Two-Phase Inference¶

Prefill Phase (Prompt Processing)

Process entire input prompt in parallel
Compute KV cache for all input tokens
Computationally intensive, compute-bound
Time complexity: O(n²d) for n tokens, d dimensions

Decode Phase (Token Generation)

Generate one token at a time
Reuse cached KV from previous tokens
Memory-bound operation (fetching weights/KV cache)
Continues until EOS token or max length

Key Metrics¶

Time to First Token (TTFT) = Prefill time
Time Per Output Token (TPOT) = Average decode time per token
Total Latency = TTFT + (num_output_tokens × TPOT)

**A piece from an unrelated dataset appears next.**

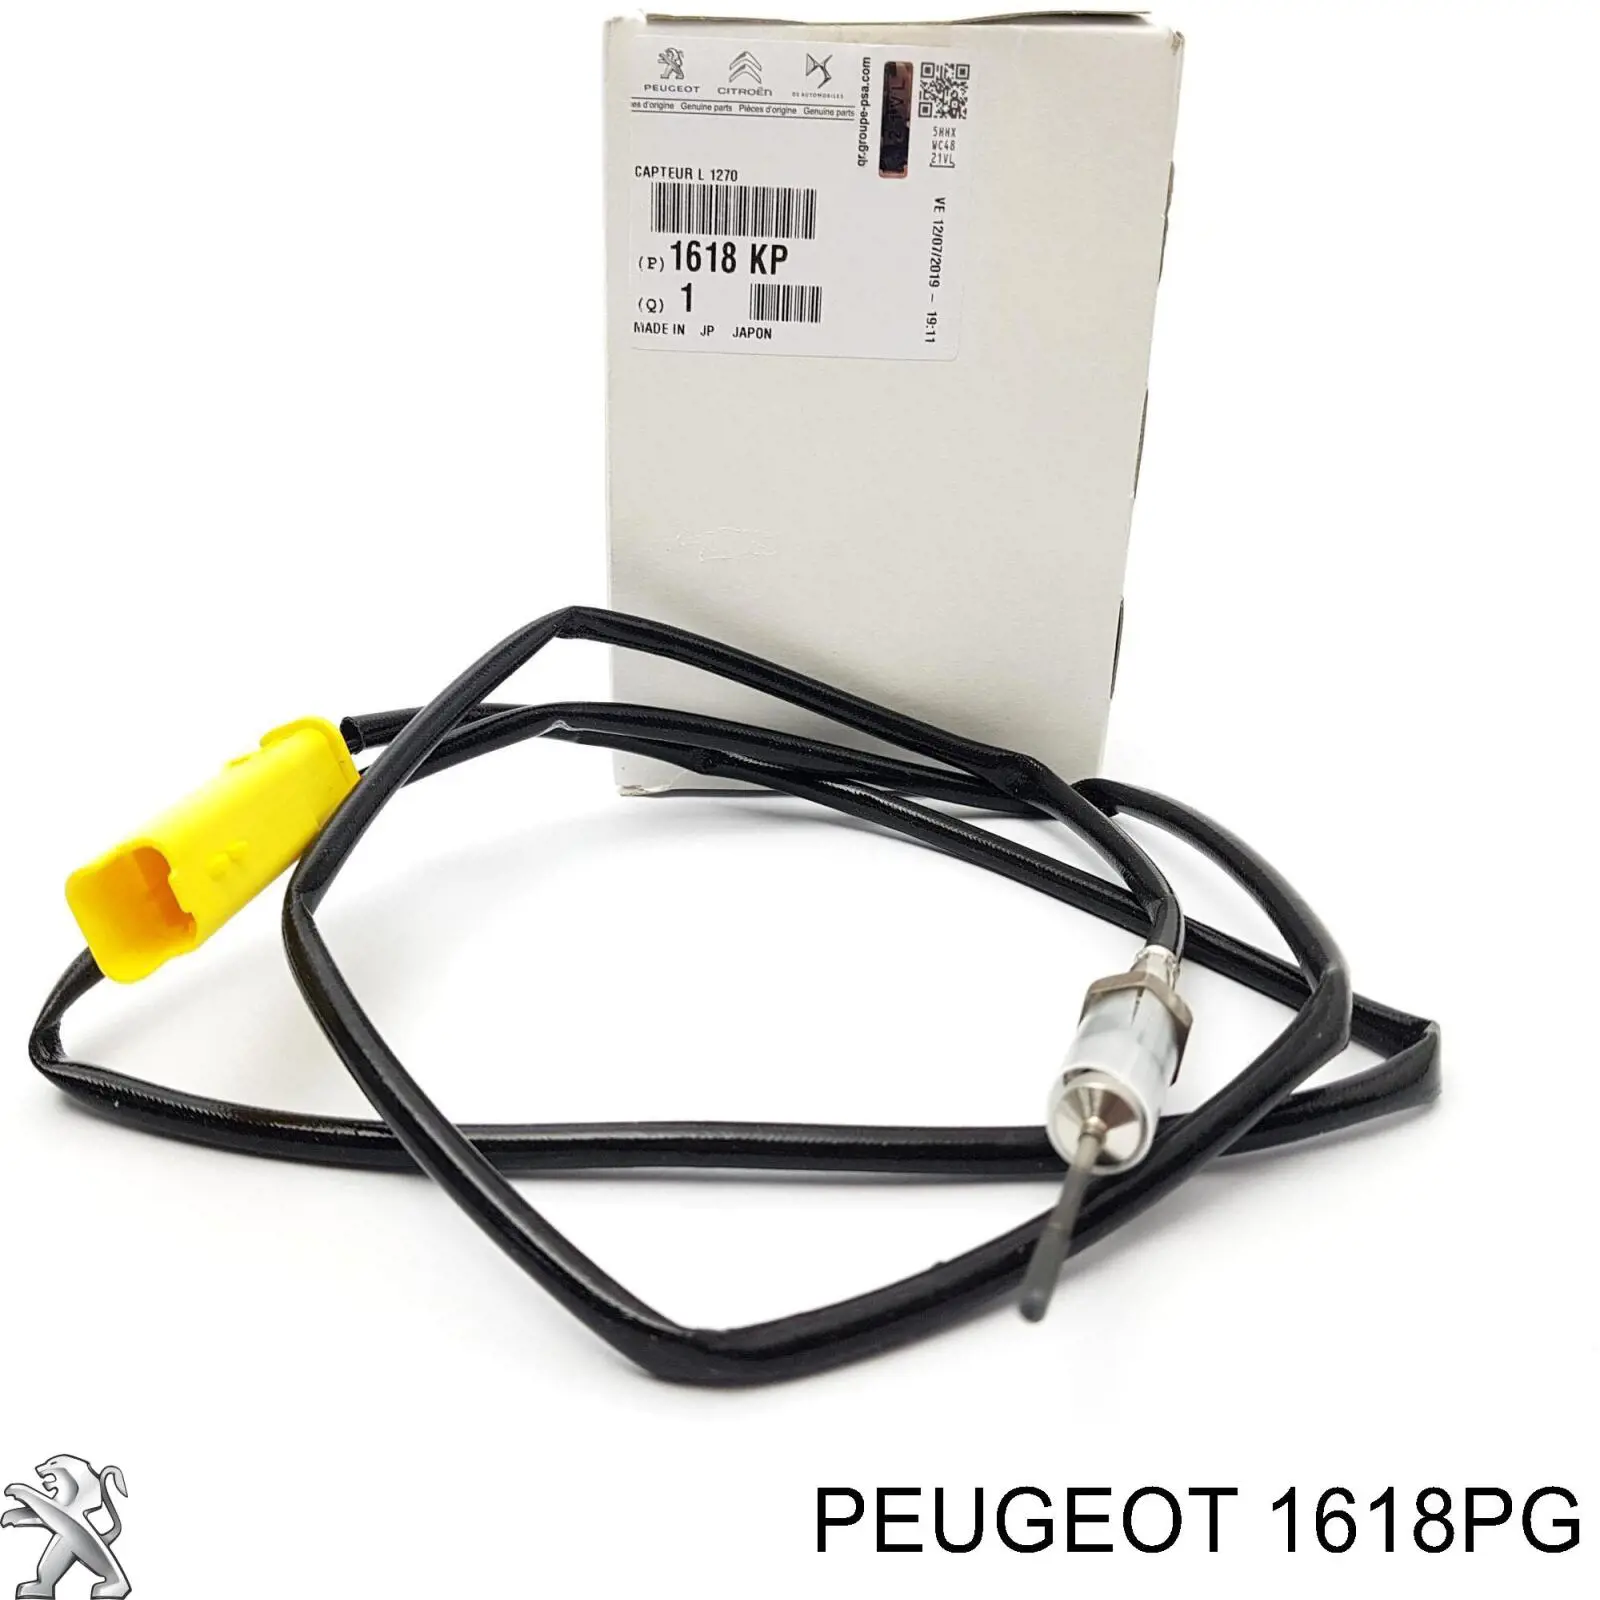 9635119080 Peugeot/Citroen sensor de temperatura, gas de escape, después de filtro hollín/partículas
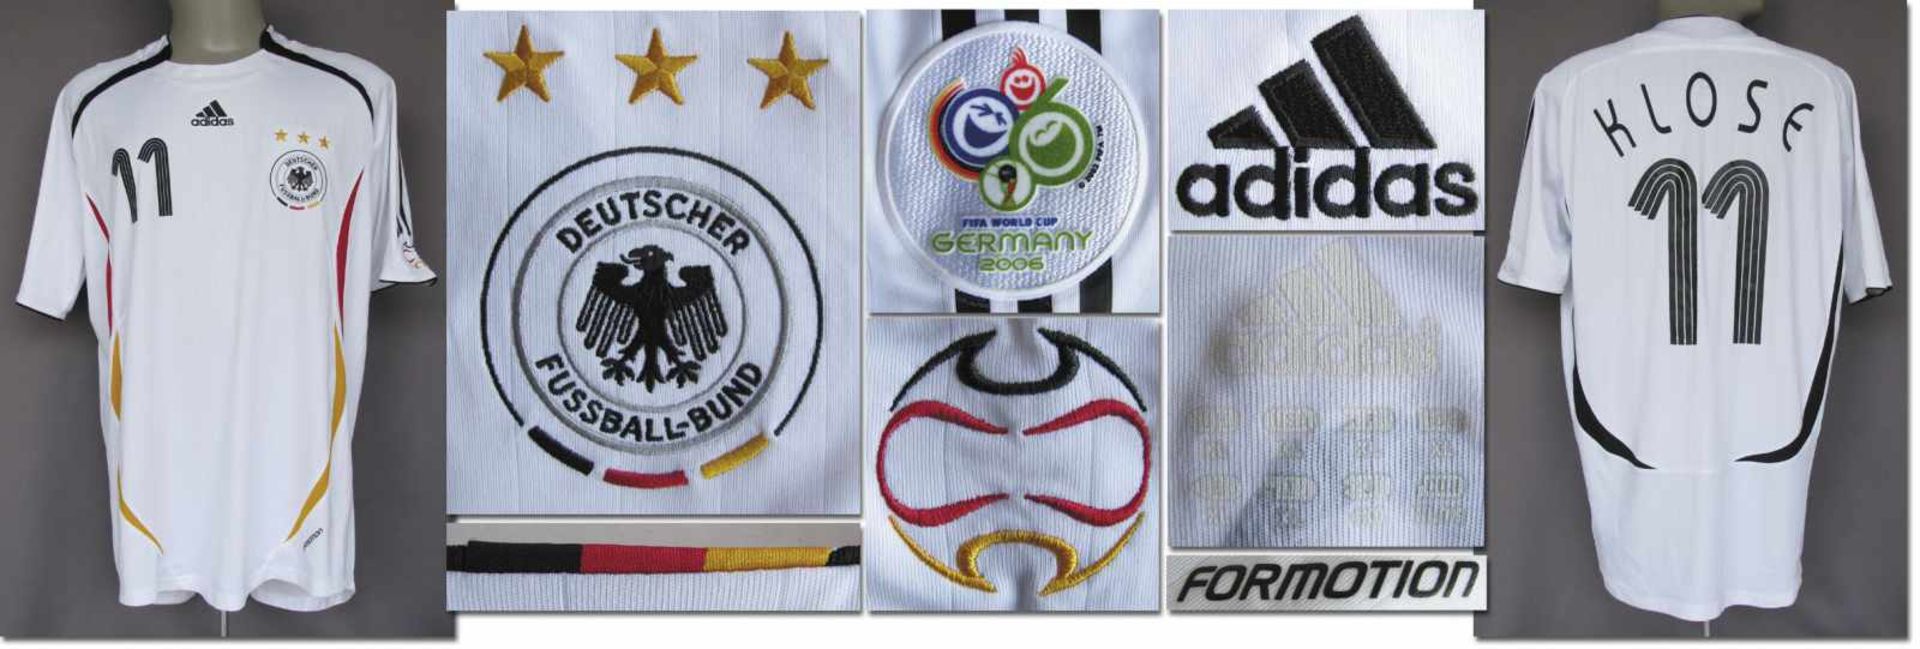 World Cup 2006 match worn football shirt Germany - Original match worn shirt Germany with number 11.

2. Model Architecture Components¶

Transformer Blocks¶

Multi-head self-attention: O(n²d) complexity
Feed-forward network: O(nd_ff) where d_ff ≈ 4d
Layer normalization
Residual connections

KV Cache¶

Stores key/value matrices from previous tokens
Size per layer: 2 × batch_size × seq_len × num_heads × head_dim × 2 bytes (FP16)
Example: LLaMA-2-7B with seq_len=2048, batch=1
Per layer: 2 × 1 × 2048 × 32 × 128 × 2 ≈ 33 MB
Total (32 layers): ~1 GB

3. Memory Requirements¶

Total Memory = Model Weights + KV Cache + Activations + Overhead

Model Weights = num_params × bytes_per_param
- FP32: 4 bytes, FP16: 2 bytes, INT8: 1 byte, INT4: 0.5 bytes

Activations = temporary tensors during forward pass
Overhead = CUDA context, fragmentation (~10-20%)

Example: LLaMA-2-7B (FP16)

Weights: 7B × 2 = 14 GB
KV cache (batch=1, seq=2048): ~1 GB
Activations: ~0.5-1 GB
Total: ~16-17 GB

4. Common Interview Questions¶

Q: Why is prefill compute-bound and decode memory-bound?

Prefill: Process many tokens in parallel → high arithmetic intensity, GPU cores saturated
Decode: Generate 1 token → fetch entire model weights from memory, low compute utilization

Q: How does batch size affect inference?

Prefill: Higher batch increases compute, remains compute-bound
Decode: Higher batch increases memory for KV cache, can become compute-bound with large batches
Sweet spot: Balance between throughput and latency

Q: What limits maximum sequence length?

KV cache memory grows linearly with sequence length
Attention computation grows quadratically O(n²)
GPU memory capacity is primary constraint

Q: Calculate memory for Mistral-7B (FP16) with batch=4, seq=4096?

Weights: 7B × 2 = 14 GB
KV cache: 2 × 4 × 4096 × 32 × 128 × 2 × 32 layers ≈ 8 GB
Total: ~22-24 GB

Q: Why can't we parallelize token generation?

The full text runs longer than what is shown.